As the boomers begin to move on to other pastimes (pastures?) the market for these may begin to dry up and the "value" will plummet. 

It reminds me of a conversation I have frequently with a Harley riding friend:

Me: “Why do you ride a Harley when, by any objective measure, a Honda is a better machine?”

Him: “Because you can’t measure cool.”

When something’s value is based on how cool it’s perceived to be as opposed to some intrinsic measure that value can fall dramatically.

Just my 2 cents worth.


----------



## bruiser

You're right that something is only as valuable as what someone will pay for it, but there is always somebody willing to pay any price, if they have the jack, for things that they want. I haven't seen the price of Dusenburg's, and other cars of that era, falling off, and the people who actually remember them are slowly dying off. A lot of it depends on scarcity, and there aren't that many REAL hemi cars out there.


----------



## Launchnet

*yustr - far be it that classics are mainly for boomers*

Classic cars are being purchased by all generations and their really is a shortage of good classics. Convertibles and Hardtops are the most desired, but these are becoming harder and harder to find. So, the prices keep going up. And, don't think that there isn't lots of young people with enough money to purchase classics in the $50,000 to $150,000 range. Watch Barrett Jackson on TV as see what some of these classics sell for and look at the ages of those buying.

Case in point, 4 door classics, as a rule, are not too desireable, but today they are starting to be restored more and more because you can't find enough convertibles and hardtops to satisfy the market.

LET ME ASK ANOTHER QUESTION: Is there another good reason for purchasing a classic as your second car? Think about it a little and I'll open a few eyes after a couple of comments from others.


----------



## whodat

i wish i had some of the cars that i owned years ago-
65 gto, 67 gto, 70 purple cuda convertible, 72 rag top vette, 71 torino gt., 87 grand national....

:heartlove


----------



## Launchnet

*Look At Insurance Costs On Your Classic Car*

On one of my classic cars, I valued it at $35,000. Actually, its really worth more, but let's use this for a value.

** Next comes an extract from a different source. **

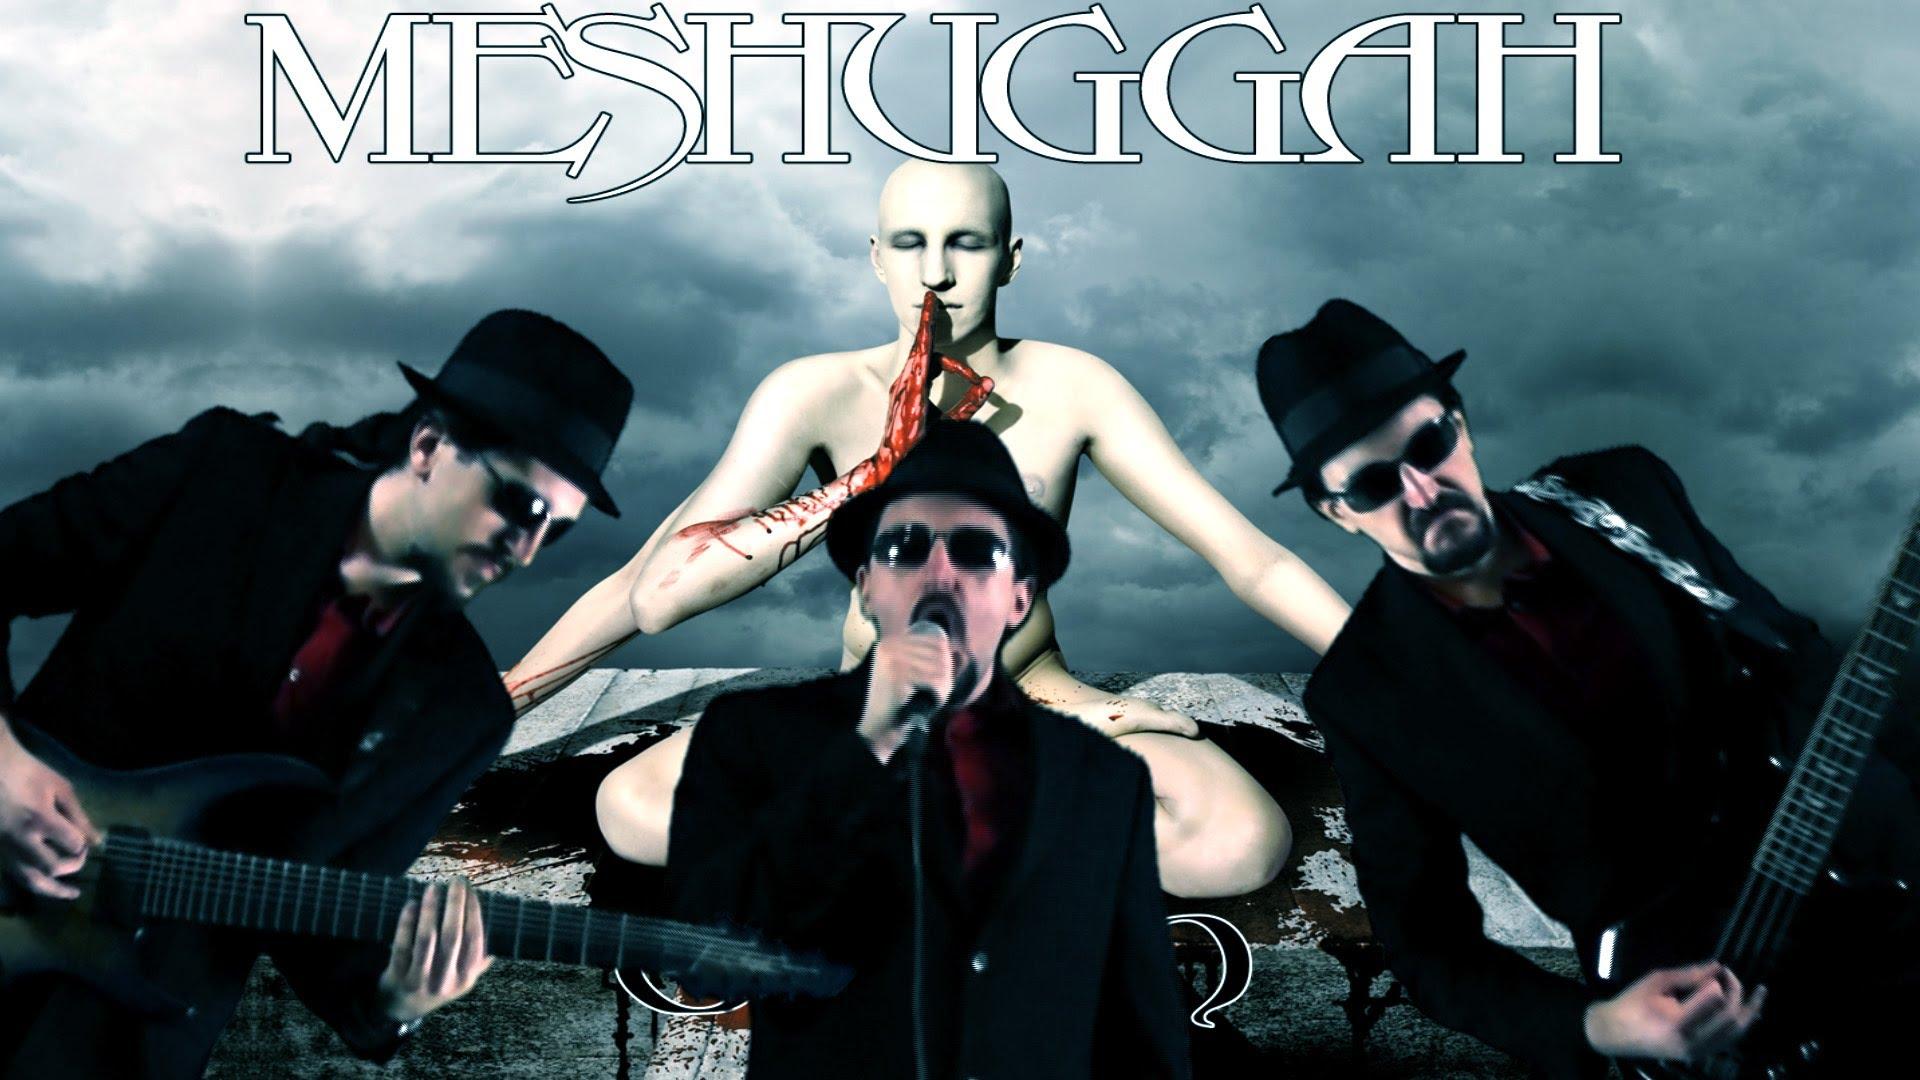 Meshuggah Wallpaper Maxresdefaultjpg 1920x1080

Full coverage with no deductable. I mean total coverage. 
Cost: $196 per year

I damaged the car accidently at my house and it cost $3100 to repair.
The insurance company paid every penny.

Requirements:
You must have a regular car for daily driving. They do not insure this car.
You have to pay the insurance premium.

Benefits:
You can drive your classic car as much as you want.
You can enjoy the many thumbs up you will get.

What a deal for a second car. Saves you on insurance costs and earns you money thru appreciation.

Any questions????


----------



## bandit109

Another good point -- saves on property taxes (if you have them). I had a Denali 1500. 1st yr prop. taxes in SC, 72 GMC Jimmy 25. per year.


----------